2.3. Microstates vs Macrostates

We consider each tautomer of the acid HA and the base A⁻ as a microstate with label i. The set of microstates with the same total number of protons N_i = N is labeled the macrostate N. The macroscopic pK_a characterizes the transitions between any of the microstates with N protons to any microstate with N − 1 protons.

In general, the free energy difference between two states (micro or macro states) that are separated by a single protonation process (i.e., the free energy to go from N to N − 1 associated protons) is

Δ G_{N, N - 1} = - Δ G_{N - 1, N} = - β^{- 1} \ln [\frac{P (N - 1)}{P (N)}]

(12)

where P(N − 1) and P(N) are the probabilities of observing the system with N − 1 and N associated protons respectively and β = (RT)⁻¹. The Henderson-Hasselbalch equation

p K_{a} = pH - \log_{10} (\frac{[A^{-}]}{[HA]}) = pH - \frac{1}{\ln 10} \ln (\frac{[A^{-}]}{[HA]})

(13)

can be rewritten in terms of the free energy of protonation $Δ G_{N - 1, N}$ (Eq. 12) to give

p K_{a} = pH - \frac{β Δ G_{N - 1, N}}{\ln 10},

(14a)

Δ G_{N - 1, N} = β^{- 1} \ln 10 \cdot (pH - p K_{a}) .

(14b)

2.4. Calculation of macroscopic pK_as from microscopic pK_as

The microscopic pK_a values correspond to free energy differences $Δ G_{i j} (pH) = G_{j} (pH) - G_{i} (pH)$ between microstates i and j (Eq. 14b); for notational convenience we drop the explicit pH dependence in the following for all free energies. Each state has a pH-dependent associated free energy G_i, which is not known. Constructing the G_i from the differences between them is not straightforward because these calculated free energy differences come with unknown errors that prevent, for example, that the sum along any closed thermodynamic cycle $i \to j \to k \to \cdot \cdot \cdot \to i$ is exactly zero as required by the fact that the G_i are thermodynamic state functions. We construct a set of M microstate free energies ${G_{i}}_{i = 1}^{M}$ that is most consistent with the calculated (“measured”) {ΔG_ij} using a maximum-likelihood estimator [33] based on the likelihood function

L ({G_{i}} | {Δ G_{i j}}) = \prod_{i j} \exp (- \frac{1}{2} {[(G_{j} - G_{i}) - Δ G_{i j}]}^{2}),

(15)

where we assumed normal distribution of errors with constant standard deviation. The product runs over all pairs (i, j) for which calculated ΔGij are available. L is proportional to the probability Ρ({ΔG_ij}|{G_i}) that we could observe the measured data (all the calculated Δ G_ij) if we were given a specific set of the G_i (our model parameters). Maximizing the log-likelihood ln L (using functions in SciPy [34]) as a function of all the G_i provides the set ${G_{i}}_{i = 1}^{M}$ that is most consistent with the given measurements {Δ Gij}. Further details and more general applications of this approach will be published elsewhere (I.M. Kenney et al, in preparation).

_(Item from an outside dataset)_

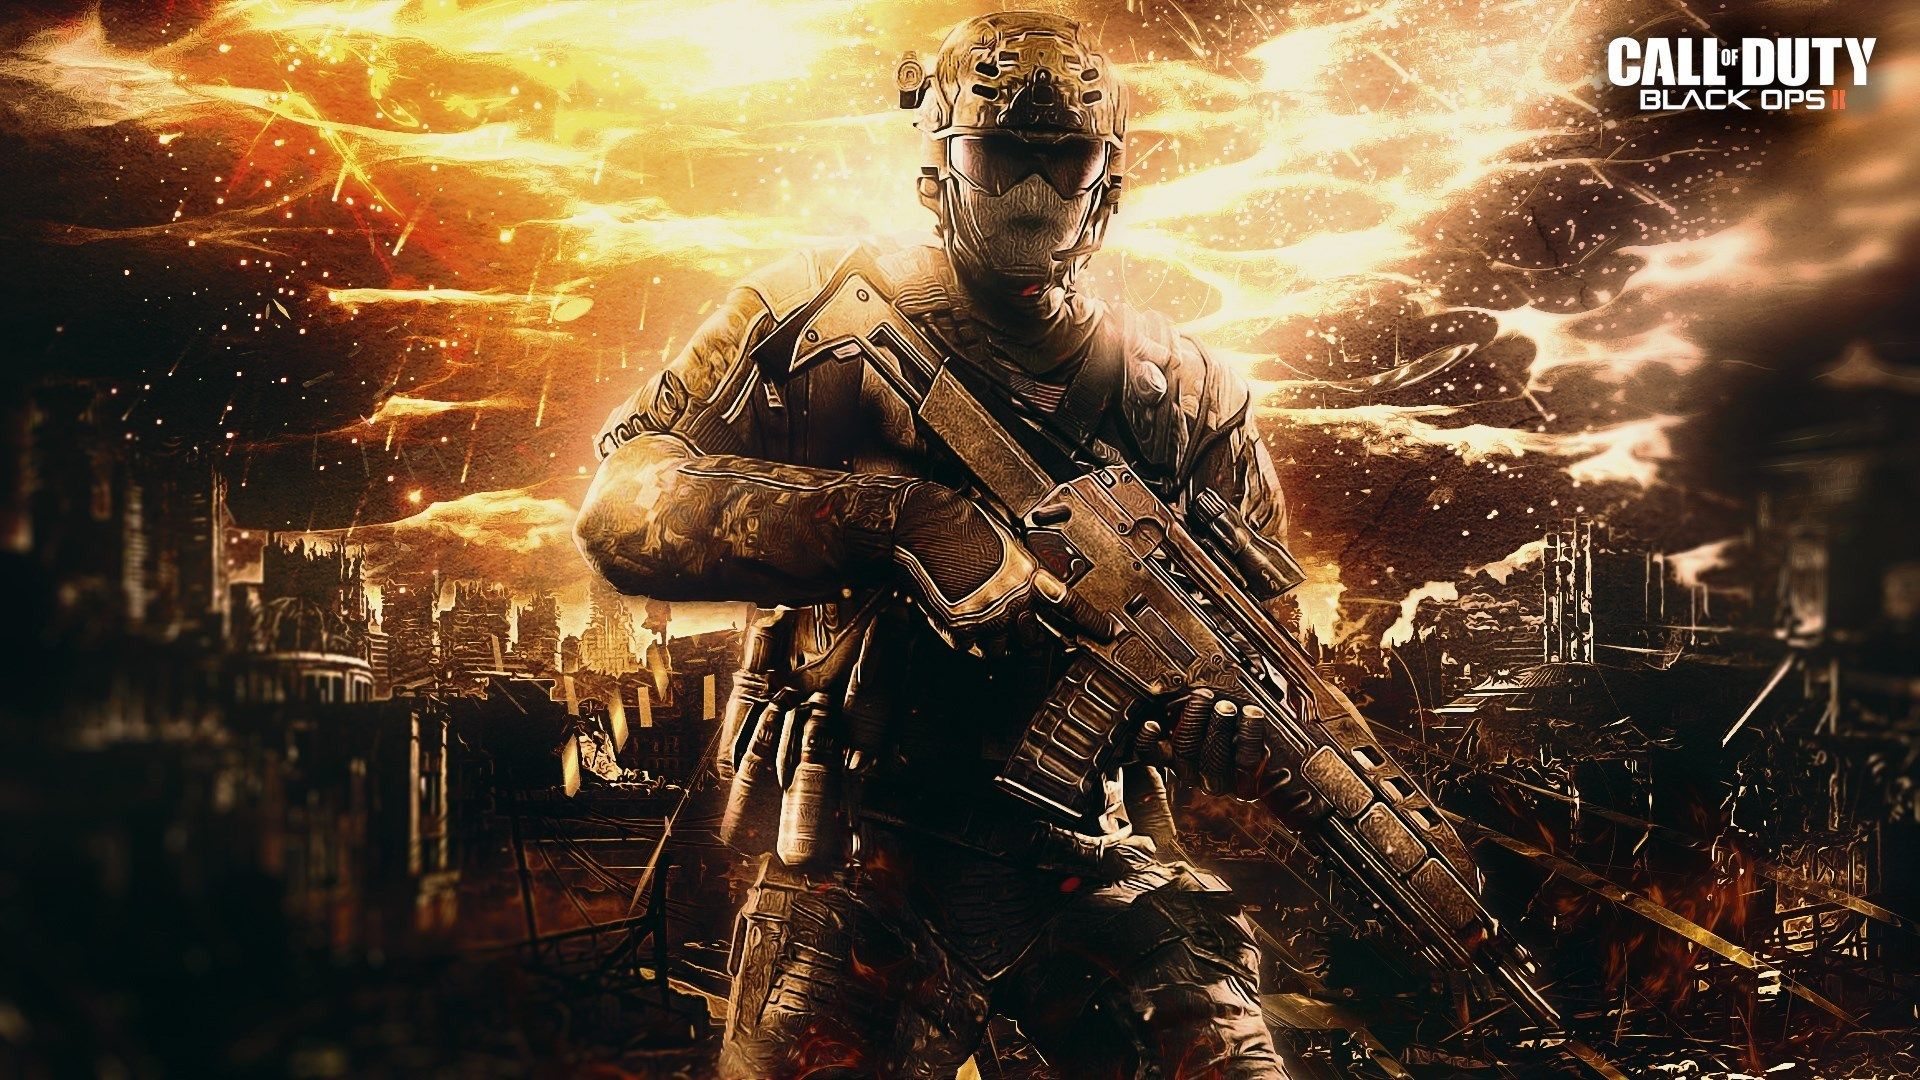 free download picture of call of duty black ops ii. Call of duty black, Black ops, Call of duty

In order to calculate the macroscopic pK_as, we begin by calculating the free energy of protonation using principles of equilibrium statistical mechanics [25]. The probability of observing a macrostate with N associated protons is

P (N) = Z^{- 1} \sum_{i} e^{- β G_{i}} δ_{N_{i}, N}

(16)

where the sum is over all accessible microstates with free energy G_i, δ_Νi,_N is unity when the microstate i has N protons and null otherwise, and Z is the partition function, defined by

Z = \sum_{j} e^{- β G_{j}} .

(17)

Eq. 16 combined with the general expression for the free energy of protonation (Eq. 12) yields the effective macroscopic protonation free energy as a function of the G_i,

Δ G_{N - 1}_{, N} = β^{- 1} \ln [\frac{\sum_{i} e^{- β G_{i}} δ_{N_{i}, N - 1}}{\sum_{i} e^{- β G_{i}} δ_{N_{i}, N}}] \cdot

(18)

ΔG_N-1,N is a function of the pH of the system and the microscopic pK_as relevant to the macrostate N. Together with Eq. 14a, Eq. 18 allows us to calculate the macroscopic pK_a value for removing the N^th proton from a molecule. With all microstate free energies ${G_{i}}_{i = 1}^{M}$ known for a given pH value it is also straightforward to compute the pH-dependent microstate probabilities

p_{i} (pH) = Z {(pH)}^{- 1} e^{- β G_{i} (pH)}

(19)

where all terms depend on pH.

2.5. Error analysis

The difference between experimental and computed pK_a values (“signed error”) for each compound, labeled with its identification code ‘id’, was calculated as

Δ_{id} = {pK}_{a,id} - {pK}_{a,id}^{exp} .

(20)

The root-mean-square error (RMSE) was determined from the individual errors Δ as

RMSE = \sqrt{〈 Δ^{2} 〉} = \sqrt{N^{- 1} \sum_{id}^{N} Δ_{id}^{2}},

(21)

the mean absolute error (MAE) as

MAE = 〈 | Δ | 〉 = N^{- 1} \sum_{id}^{N} | Δ_{id} |,

(22)

and the signed mean error (ME, also called the “mean signed error”, MSE) as

ME = 〈 Δ 〉 = N^{- 1} \sum_{id}^{N} Δ_{id} .

(23)

We also report the Pearson correlation coefficient R² and the slope m of a linear regression to the data, as computed with the function scipy.stats.linregress( ) in the SciPy package [34].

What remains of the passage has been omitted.